Human lungs grown in the lab for the first time

Scientists at the University of Texas Medical Branch (UTMB) have grown lungs in the laboratory for the first time. By taking parts of damaged lungs from children, they have been able to nurture a set of lungs to the point of being able to react to air.

I found this story through New York Daily News and was then able to get the original release from UTMB. This news item is of particular significance because it brings about two scientific breakthroughs.

Firstly, an organ as complex as a lung has not been artificially created in a lab environment in the past.  There is a bucketful of reasons why artificial organ growth is challenging but these researchers have been able to break down some of those barriers.

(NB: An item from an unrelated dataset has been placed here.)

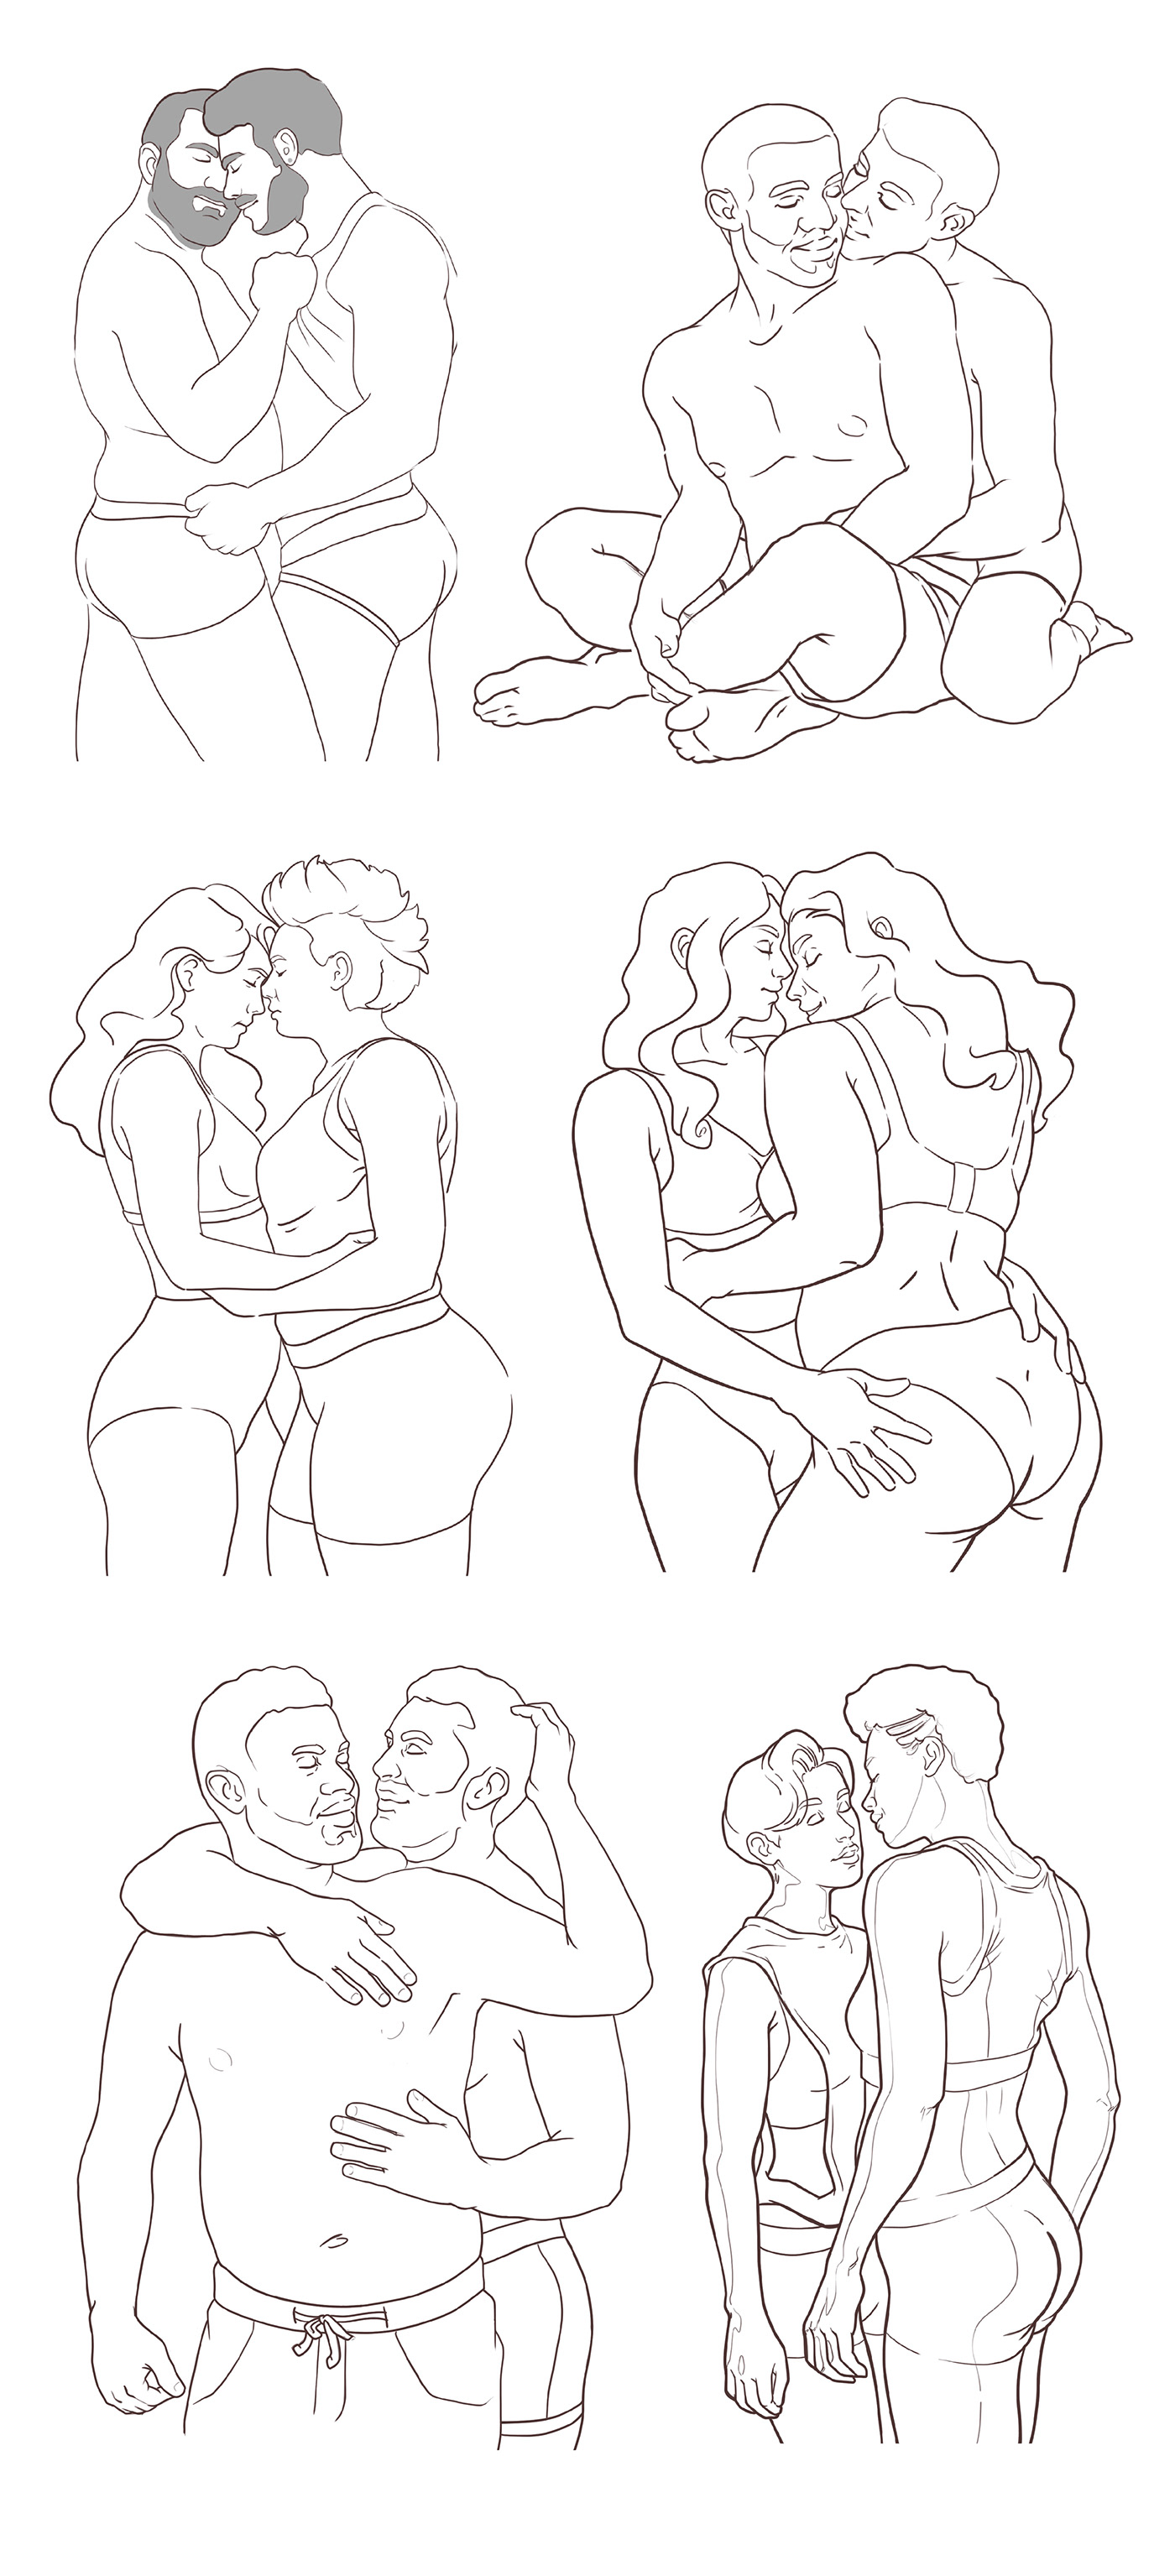 couple gay gay gay art kiss lesbian lesbians LGBT LGBTQ Love queer

Secondly, their methods were very interesting. Taking an ‘abnormal’ approach allowed them to create something relatively ‘normal’. By using two lungs taken from two separate children who died, the researchers created a scaffold from one lung to use as a ‘soft-tissue backbone’ that could have the damaged tissue from the second child’s lung grafted on to it.

Submerging the grafted lung into a nutritional solution for one month to allow the cells to repair, spread, grow, and become somewhat functional. After this, the scientists took out the lungs and pumped them full of air, to which a lung responded by receiving the air, seen when the tiny air sacs- the alveoli-  expanded.

Reconstructed lungs

The lungs after being stripped of material, ready to be used as a scaffold (left). The lungs after being submerged 30 days (right).

While this work can be considered a revolution in artificial organ creation, any resulting impact to those who need an organ transplant is still a while away. It is a step forward nonetheless.

“My students will be doing the work when I’m old and retired and can’t hold a pipette anymore,” says Professor Joan Nichols, who headed the team responsible for the experiment. More complex lungs will need to be grown before any sort of animal trials can begin, not forgetting an exhaustive list of clinical trials in humans.

Perhaps with collaboration with stem cell researchers, this kind of work can have a prosperous outcome for all. Finding some way to utilise stem cells’ ability to adapt to very specific purposes could improve artificial organ growth times and the overall effectiveness of the organ in question.

“In terms of different cell types, the lung is probably the most complex of all organs — the cells near the entrance are very different from those deep in the lung,” said Dr. Joaquin Cortiella who leads the UTMB group.

“If we can make a good lung for people, we can also make a good model for injury.”

The brilliance of this news should not be shadowed by the long road ahead. While the lung is one of the most complex organs in terms of cell complexity and diversity, these sort of promising results are good news for those on the always over-encumbered transplant lists.